Midlife: A Beginner’s Guide to Blur

(Virgin Records)

To help introduce Blur to a wider audience, Virgin brings us Midlife: A Beginner’s Guide to Blur, which earns its scholarly name by being a curious best-of compilation. If you’re looking to be blindsided by a pack of hits, this disc isn’t for you. (2000’s The Best of Blur would be more fitting.) Instead, Midlife attempts to give a general feel of the band, and tries to display Blur’s knack for making albums more than their knack for making singles.

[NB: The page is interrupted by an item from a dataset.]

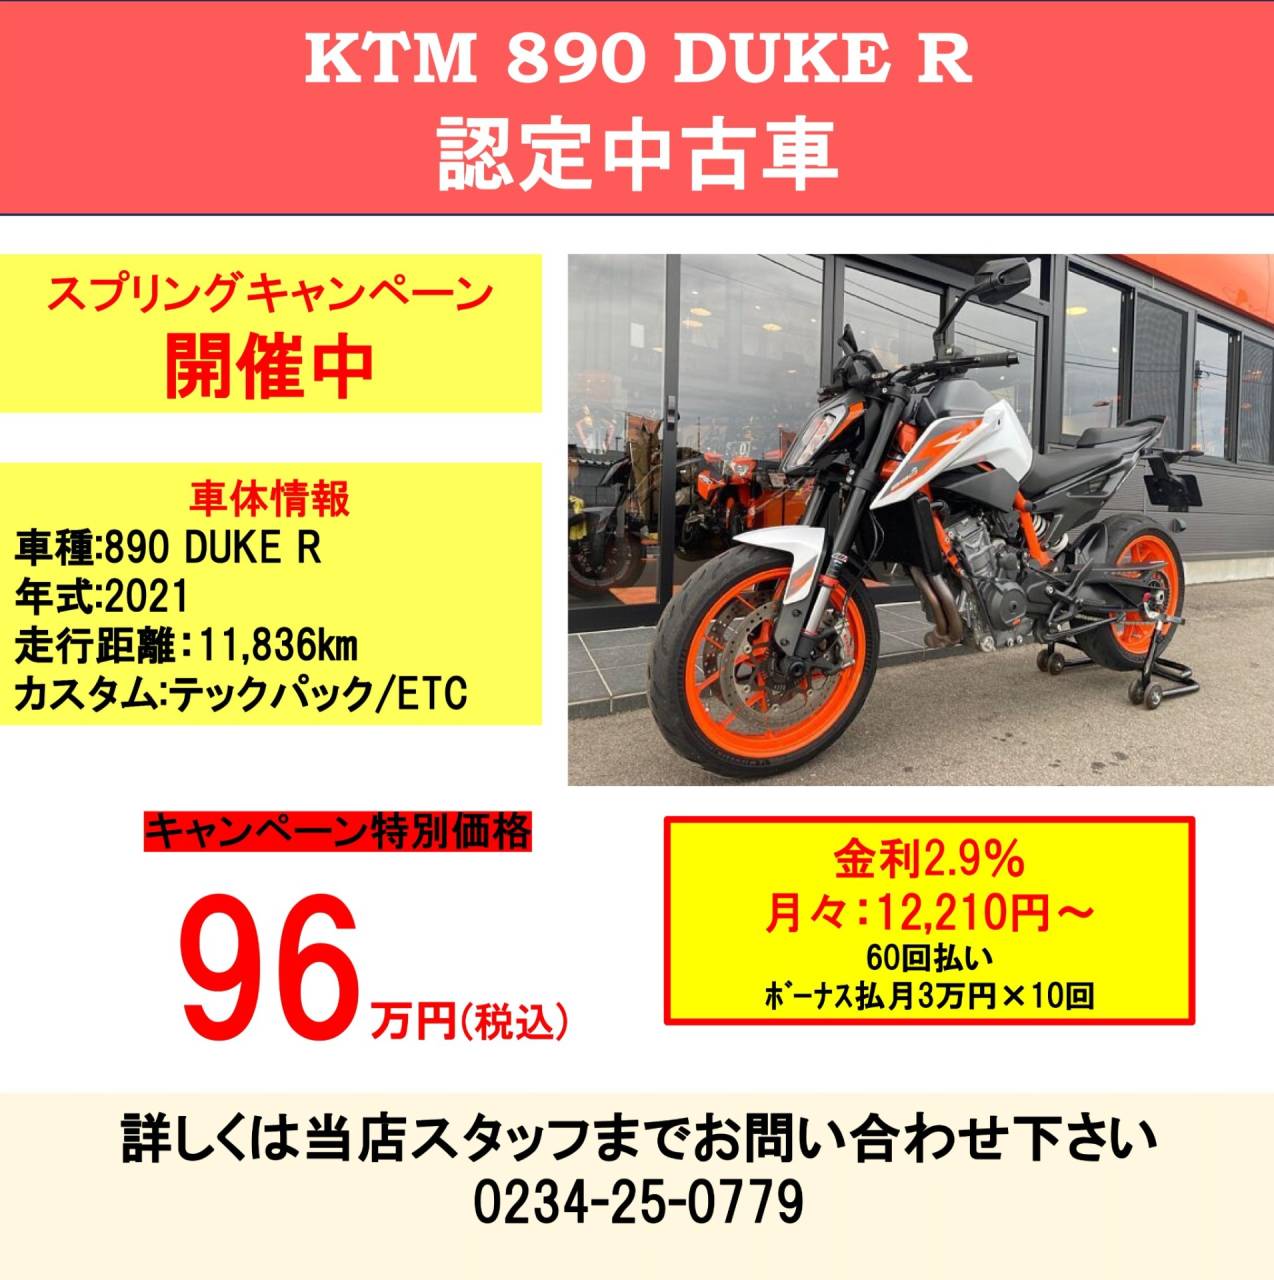 KTM 890 DUKE R 認定中古車 フェア開催中 KTM山形

This isn’t to imply a lack of hits—most of the band’s biggest songs are here—but thrown in beside them are deeper album cuts that are more admired by avid fans than by the singles charts.

Songs like the lush “Blue Jeans” and the foreboding “Death of a Party” help show that the band offers more than the razor-sharp, cheeky pop they became famous for. To the uninitiated (namely Americans), they hint at some of the depth and daring that makes Blur such a great band.

Being a best-of, there is also quite a display of the blessed hand they have for pop, and unlike the previous best-of, it actually documents how Blur came into their own, and spends more time on their breakthrough LP, Modern Life is Rubbish. Songs such as “Girl and Boys” and “The Universal” are fine examples of the band as Brit-pop masters, but songs such as “Chemical World” and the elusive “Popscene” shows how they got there, and how they pretty much started the genre.

The album’s approach isn’t perfect, however: Though its left turns give the album an organic feel, it strays from its purpose by bewilderingly including a few tracks that are weak, at least by comparison. In particular, the songs from the disappointing Think Tank never hold up, and to have three tracks from an album that didn’t even have Graham Coxon (a vital member) in the band is undeniably a mistake. There are some bizarre choices, such as the frantic “Bug Man” and the spacey “Strange News from Another Star.” These are fine songs, but even as deeper album cuts lack focus, and in no way should have replaced greats such as “Country House” or “End of a Century,” which are sorely missing.

It’s these oversights that make Midlife a better introduction than a representation. Fans will undoubtedly see gaping holes in the collection, but with its abundance of quality, initiates will hopefully see Midlife as a reason to get into one of the greatest bands Britain has to offer.